Subsequently, HPV HC2 RLUs were divided into three groups, <1, ≥1 and ≤60, and >60 RLUs, to determine the average number of compression-positive cells. Significant differences were noted: 6.4 ± 5.0 for >60 RLUs, 4.4 ± 2.3 for ≥1 and ≤60 RLUs, and 1.4 ± 1.1 for <1 RLU. Thus, the number of compression-positive cells increased as HPV HC2 RLUs became higher. The viral load reflects the spread of the CIN lesion [8,9]. In addition, the viral load has been associated with the progression rate of the CIN lesion [10]. Origoni et al. [11] reported that the prevalence rates of CIN2/CIN3 were 32.2% for >100 RLUs and as low as 4.6% for >1 and <10 RLUs using an HC2 test. Thus, the probability of high-grade squamous intraepithelial lesions becomes higher as the infectious dose of HPV HR increases. Kjaer et al. [12] reported that the risk of developing CIN3 or above within 10 years after a positive result was obtained at least once in a HC2 test and was estimated to be 13.6% in young and >21.2% in middle-aged women using the Denmark databank. HPV causes transient infection in most cases; about 90% of HPV infections disappear within a year. As reported by the American Society of Clinical Oncology [13], patients determined to be positive in an HPV HR test may have a long-term risk of developing a precancerous state.

Initial HPV infection is mostly in an episomal state; circular DNA exists separately from host DNA. However, in this state, DNA chromosomes become unstable, and the host DNA E2 region of HPV DNA is cleaved to be integrated into the host DNA, stabilizing the E6/E7 viral proteins in the nucleus to exert their functions [14,15]. Although the mechanism by which cells with positive compression increased in the nuclei of CIN+ cases is unclear, we postulate that mitosis is completed with incomplete chromosomal segregation due to HPV infection to regenerate a nuclear envelope around the scattered chromosomes, resulting in multinucleation.

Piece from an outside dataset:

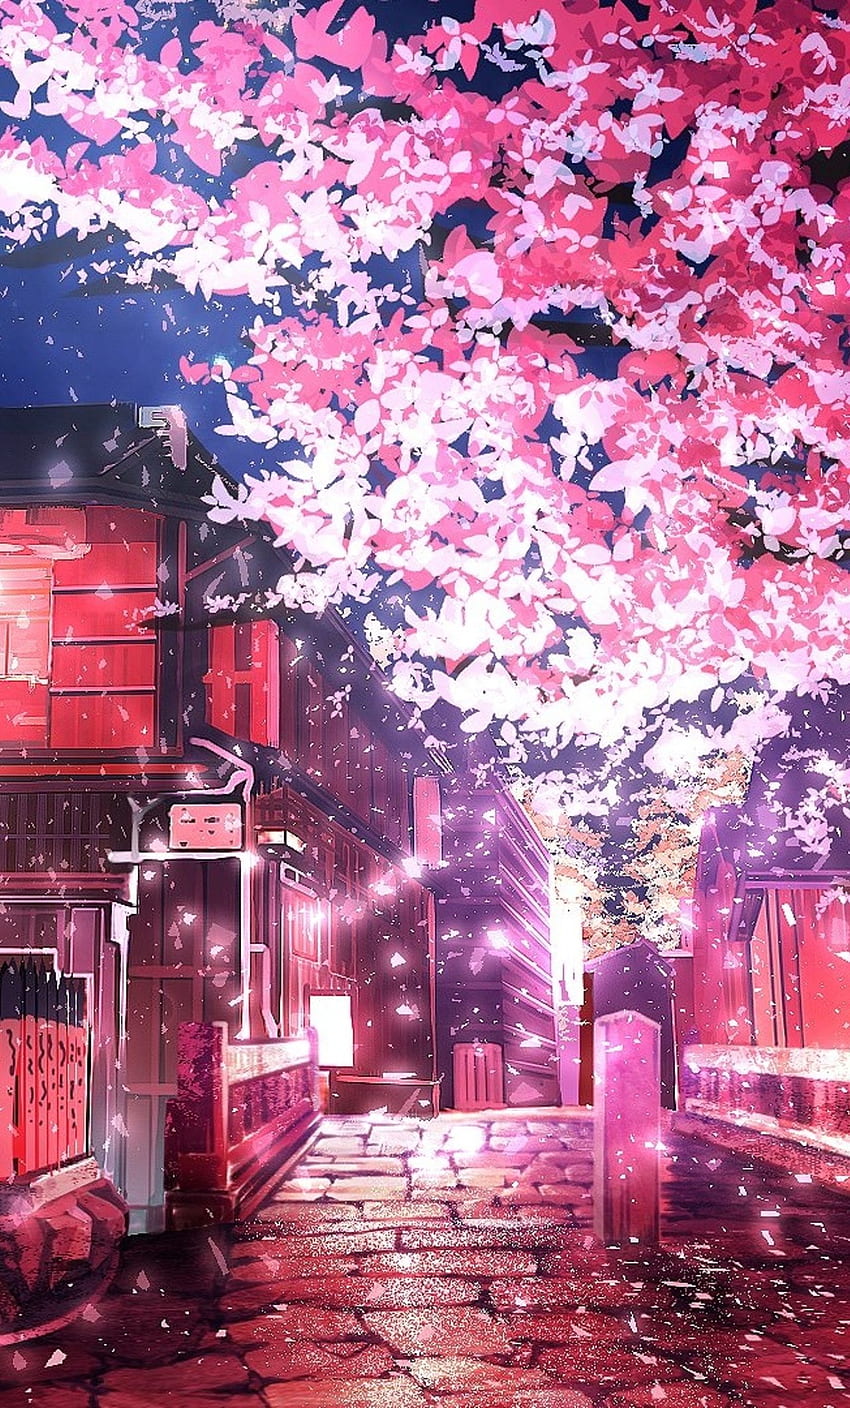 Hình nền Anime iPhone với cảnh quan Cherry Tree và hoa anh đào sẽ làm bạn say đắm trong khung cảnh huyền ảo của Nhật Bản. Với những bông hoa đào lấp lánh trên nền xanh lá, hình ảnh này chứa đựng sự yên bình và tình cảm của thiên nhiên.

Of the B+ cases, 6 (60%) were compression positive, with the average number of cells being 5.5 ± 1.5. This may be explained by the nuclear atypia of cells transiently infected with HPV HR, the sensitivity of the HC2 test, or the sampling failure of lesions in tissue. However, in the B- or B+ cases of positive compression, LBC specimens should have been redetermined as ASC-US or low-grade squamous intraepithelial lesions. According to recent large-scale prospective clinical studies [12,13], HPV HR infection may cause CIN lesions after a long period of time. The number of compression-positive cases with trinucleation was small for all 3 groups, but compressed trinucleation of CIN+ and B+ cases showed larger numbers than B- cases. Thus, the follow-up of cases with positive compression that may progress to squamous intraepithelial lesions should be continued.

According to the 2001 Bethesda system [16], ASC-US is defined as a condition that ‘quantitatively or qualitatively fell short of a definitive diagnosis of squamous intraepithelial lesion' and often complicates the determination. We think that cases of binucleated cells with compression that are likely shown in squamous intraepithelial lesions should be checked in detailed examination.

Further investigations need to be conducted to establish more objective diagnostic criteria.

This study was supported by a grant for Hirosaki University institutional research (2012).

None of the authors has any conflict of interest.